Wednesday, December 19, 2018

History and Panic


Jobs for History PhDs
One of those periodic waves of concern about the imminent death of history seems to be surging.
At a Texas-based website called War on the Rocks, a pair of international studies professors predict that the historical profession is committing suicide... by not teaching enough international studies, mostly.  They stress the declining proportion of students who are history majors, but seemingly without correcting for all the new disciplines and specialties that have grown up in the last half century or so within the humanities and social sciences to share the load with "history" departments proper.

There is a less panicky but still concerned essay at Active History, in which CHA president Adele Perry discusses the need for historians to connect their research to communities beyond the classroom. She salutes a number of worthwhile initiatives, but finds them threatened by the "precarious situation" of young historical scholars. The precarious situation is the vast oversupply of would-be professors compared to the number of positions available for them, and the rise of insecure employment terms in universities. Tough, indeed, but I can't help noting that the essay seems to conflate "historians" with tenured or tenure-seeking history professors as if they were the same thing. No doubt the academic job market is vastly oversupplied, but the essay largely declines to notice all the historians who connect to communities beyond the classroom ... by not being in history classrooms in the first place.

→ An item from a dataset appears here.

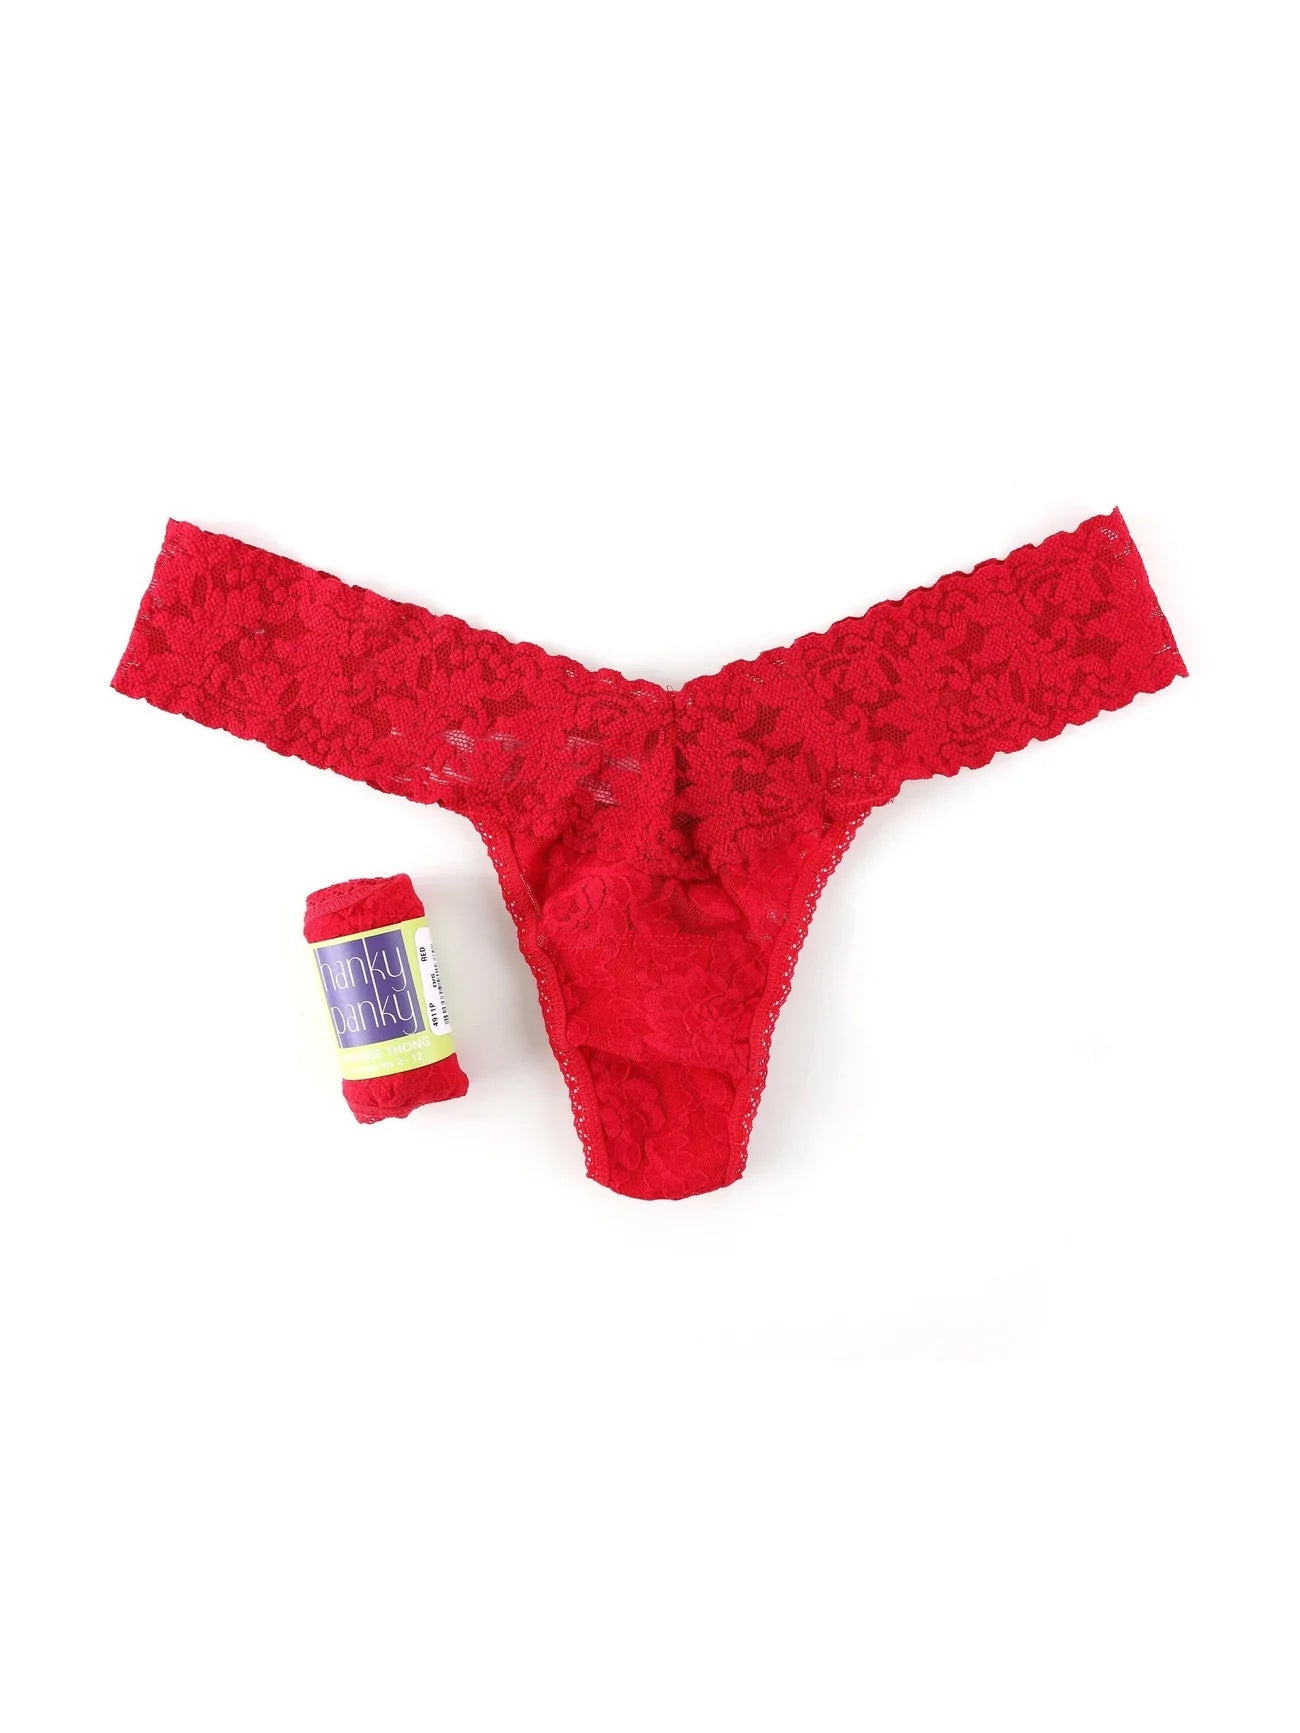 Buy Low Rise Scanty Women's Panties, Lingerie, Underwear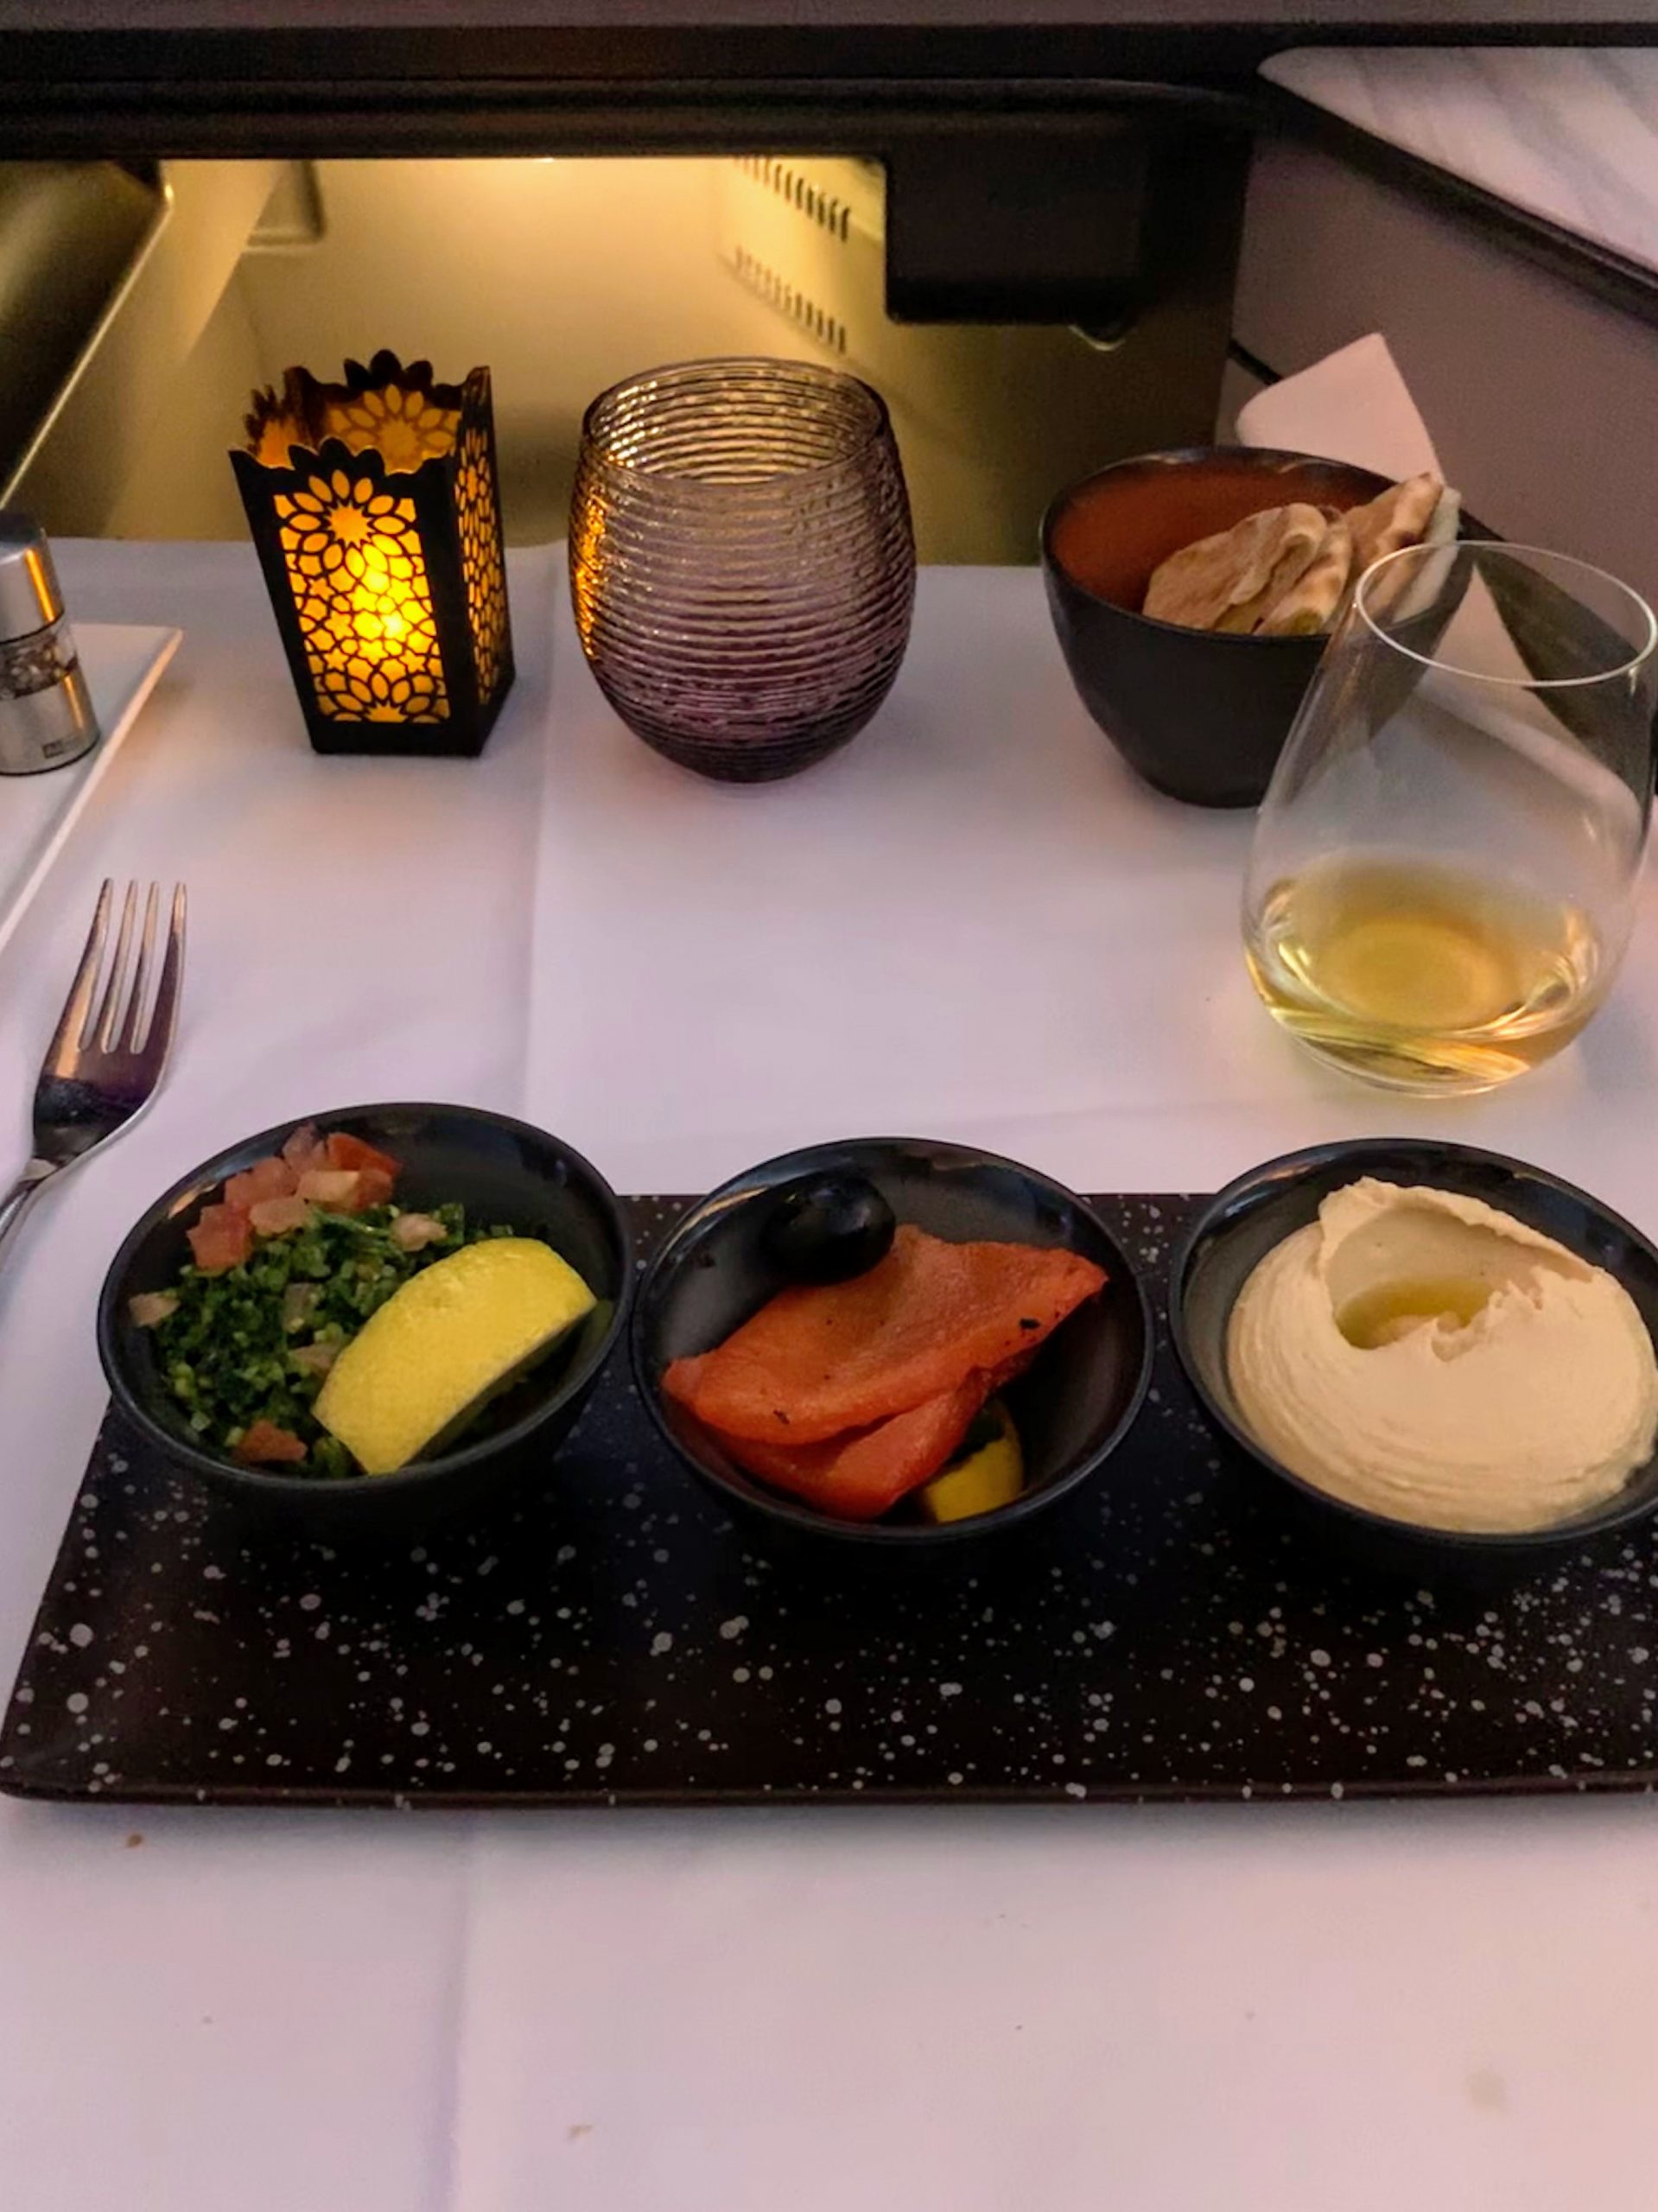 Food Qatar Airways

I find myself more inclined to the observation of a tenured academic historian, one who can distinguish between "historians" and professors in history departments.
I’ve been pointing out that we historians long, long predated the darn universities and we will outlive them. Best job in the world, always has been, as the personal drift of many great thinkers and practitioners into the writing of history (Thucydides, Caesar, Hume, Osler…) proves. And we’ve never been more needed—but of course that’s always true.